● **EXERCISE GOAL**:
Only one stretch of the data is wanted: the line containing "jeep wrangler magneto", the line containing "Municipio de montalegre", and every line between them, copied exactly.

● **GIVEN DATA**:
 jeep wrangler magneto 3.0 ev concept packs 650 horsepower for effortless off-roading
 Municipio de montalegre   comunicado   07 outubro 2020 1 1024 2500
==
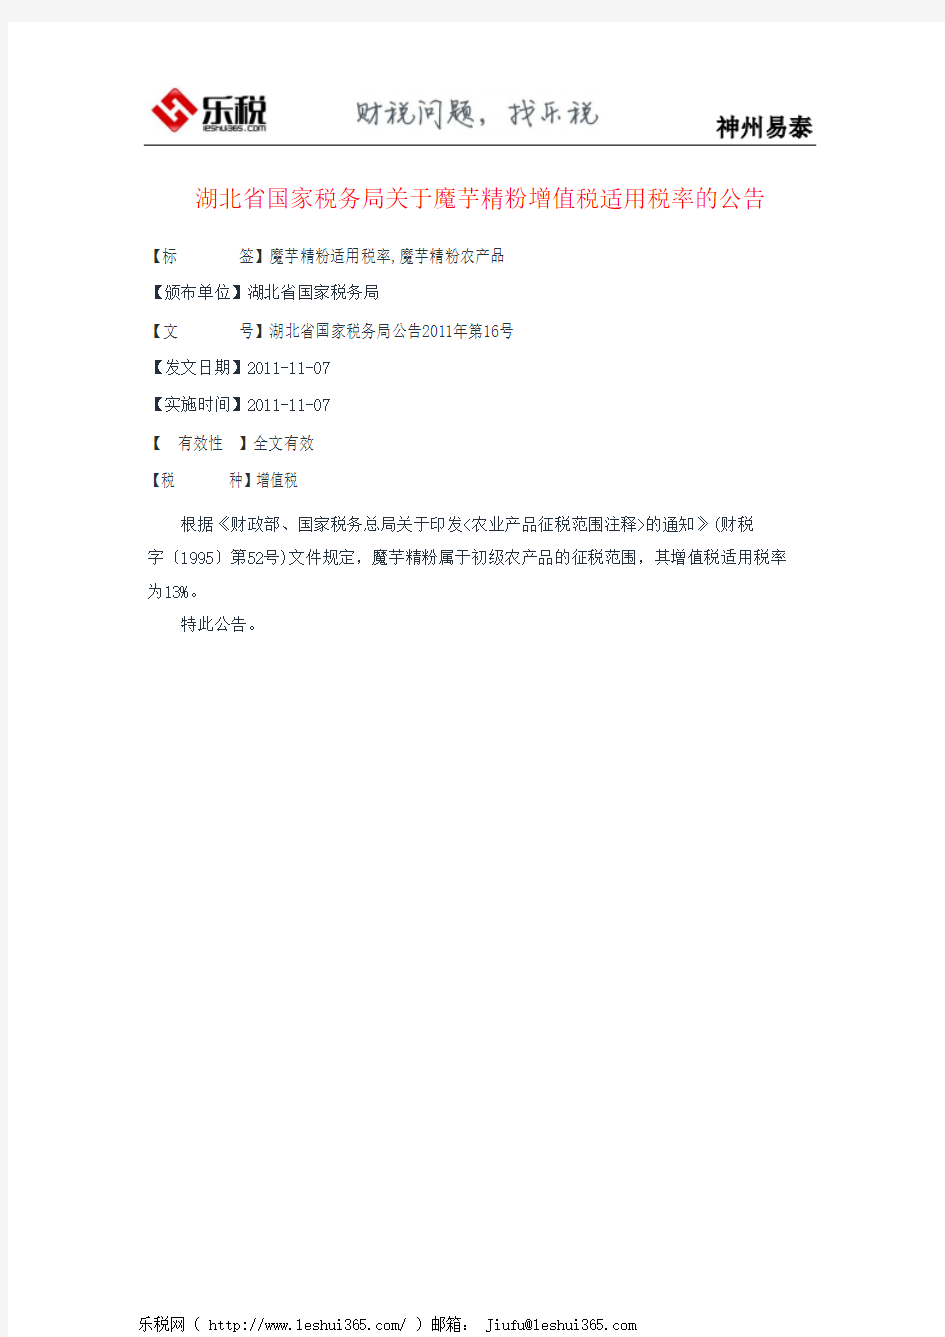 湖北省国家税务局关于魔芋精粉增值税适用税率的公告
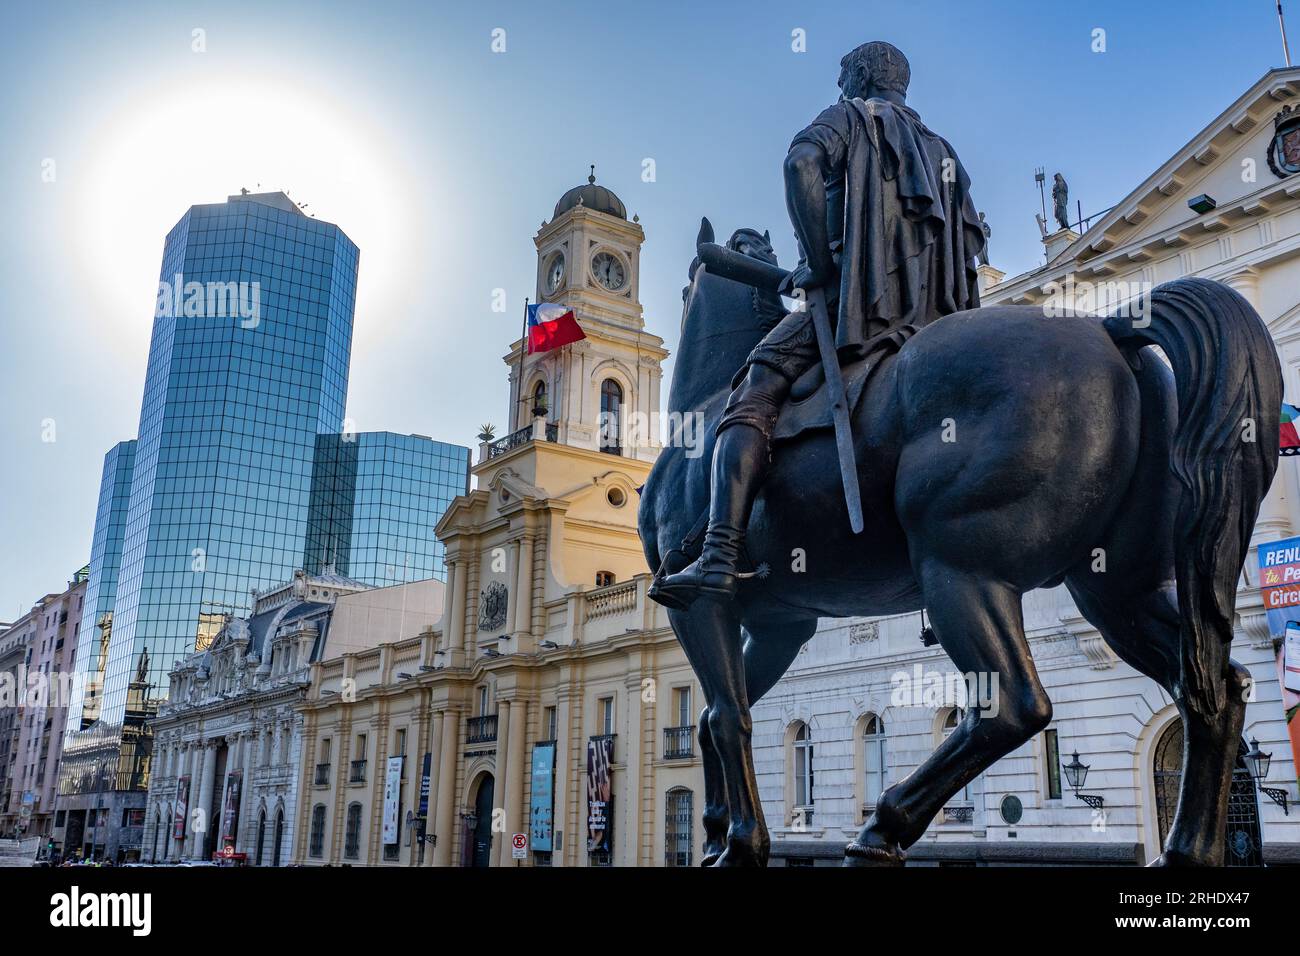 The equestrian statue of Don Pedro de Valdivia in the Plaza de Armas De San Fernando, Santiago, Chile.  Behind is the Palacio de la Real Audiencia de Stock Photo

● **THE ANSWER**:
 jeep wrangler magneto 3.0 ev concept packs 650 horsepower for effortless off-roading
 Municipio de montalegre   comunicado   07 outubro 2020 1 1024 2500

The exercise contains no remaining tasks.